To further improve intrusion detection performance, a hybrid deep learning architecture integrating Convolutional Neural Networks (CNN), Bidirectional Long Short-Term Memory (BiLSTM), and an attention mechanism was proposed. The proposed model was evaluated using the same preprocessing pipeline and data splitting strategy applied to the benchmark models to ensure a fair and consistent comparison. Table 8 presents the performance results of the proposed model across the three evaluated IoT intrusion detection datasets.

The proposed CNN–BiLSTM–Attention model achieves competitive performance across all evaluated datasets, with accuracy values ranging from 0.993 to 0.999 and consistently high ROC-AUC and PR-AUC scores. While the model performs slightly better than some baseline methods in certain cases, the observed improvements are relatively modest.

These results indicate that the hybrid architecture is effective for feature-level representation learning on tabular IoT traffic data. However, the limited performance gains over simpler models suggest that architectural complexity alone does not significantly improve detection performance under the given experimental conditions.

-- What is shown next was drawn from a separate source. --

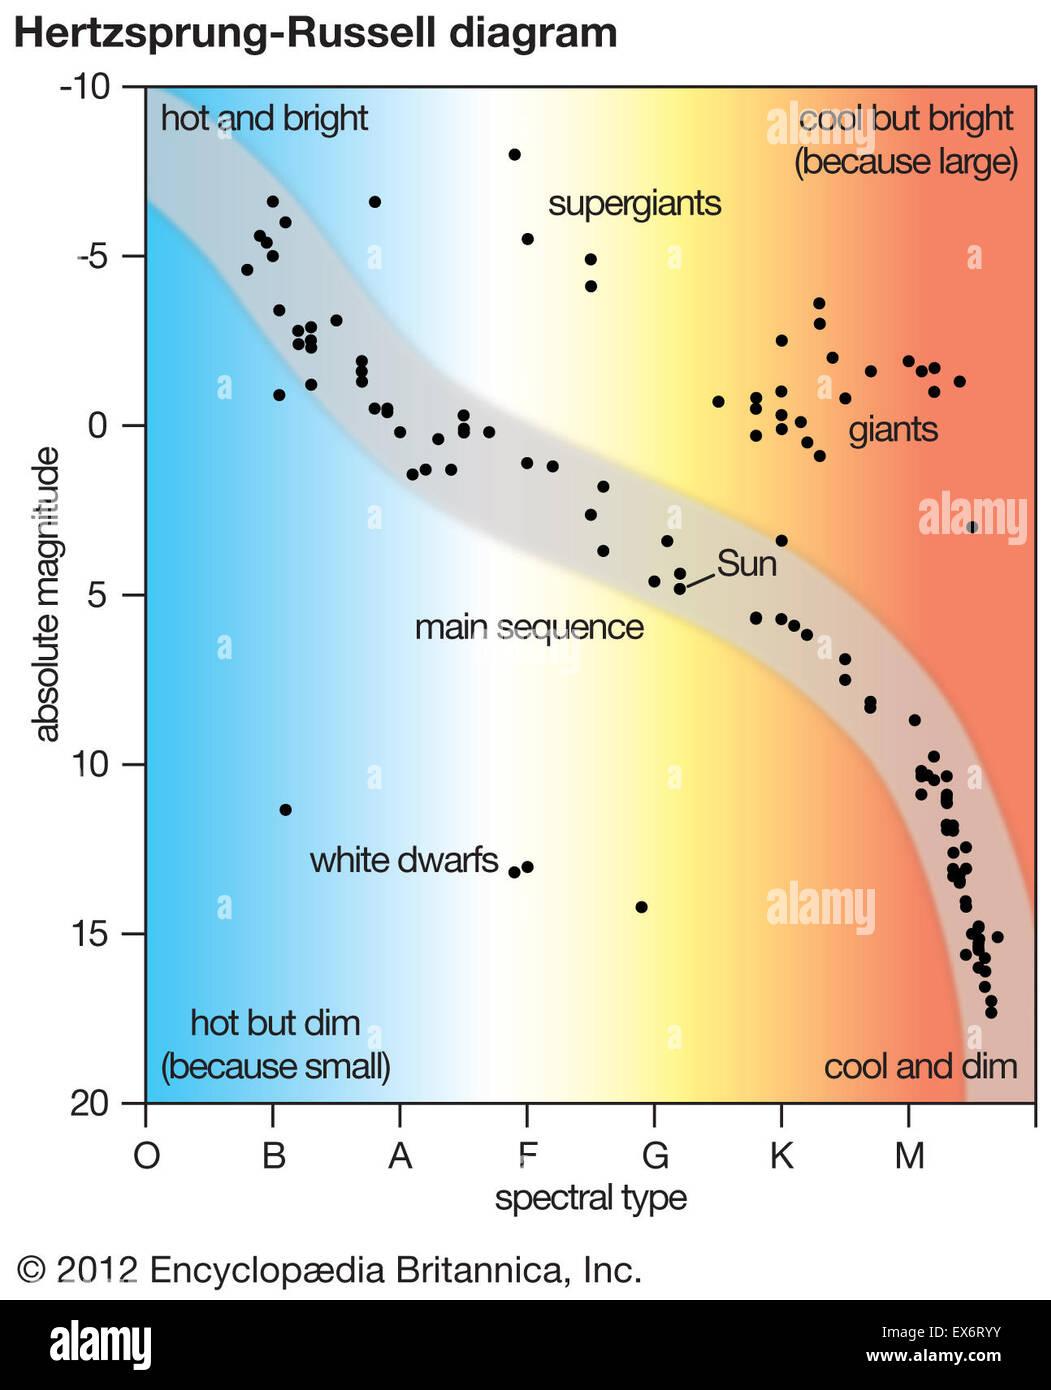 Hertzsprung Russell Diagram Stock Photo Royalty Free Image

Notably, the proposed CNN–BiLSTM–Attention model does not consistently outperform strong classical machine learning baselines, particularly tree-based ensemble methods such as Random Forest and LightGBM. The relatively small performance differences observed across models suggest that multiple approaches are capable of effectively capturing the underlying structure of the datasets.

Overall, these findings indicate that dataset characteristics, feature representation, preprocessing strategies, and evaluation protocols may have a greater influence on performance than architectural complexity alone. This observation reinforces the importance of standardized benchmarking and carefully controlled experimental procedures when evaluating intrusion detection systems.

To assess the stability of the proposed model, experiments were conducted under consistent training settings using fixed random seeds. The obtained results showed only minor variations across evaluation metrics, indicating that the model is relatively stable and not highly sensitive to random initialization. Although formal statistical significance testing, confidence intervals, or repeated multi-run analysis were not performed, the observed consistency suggests that the reported results are reliable within the defined experimental setup.

A notable observation across experiments is the discrepancy between intra-dataset and cross-dataset performance. While models achieve near-perfect results when trained and evaluated on the same dataset, their performance degrades noticeably under cross-dataset conditions. This behavior demonstrates the difficulty of generalizing learned representations across heterogeneous IoT environments characterized by differing traffic distributions and attack patterns.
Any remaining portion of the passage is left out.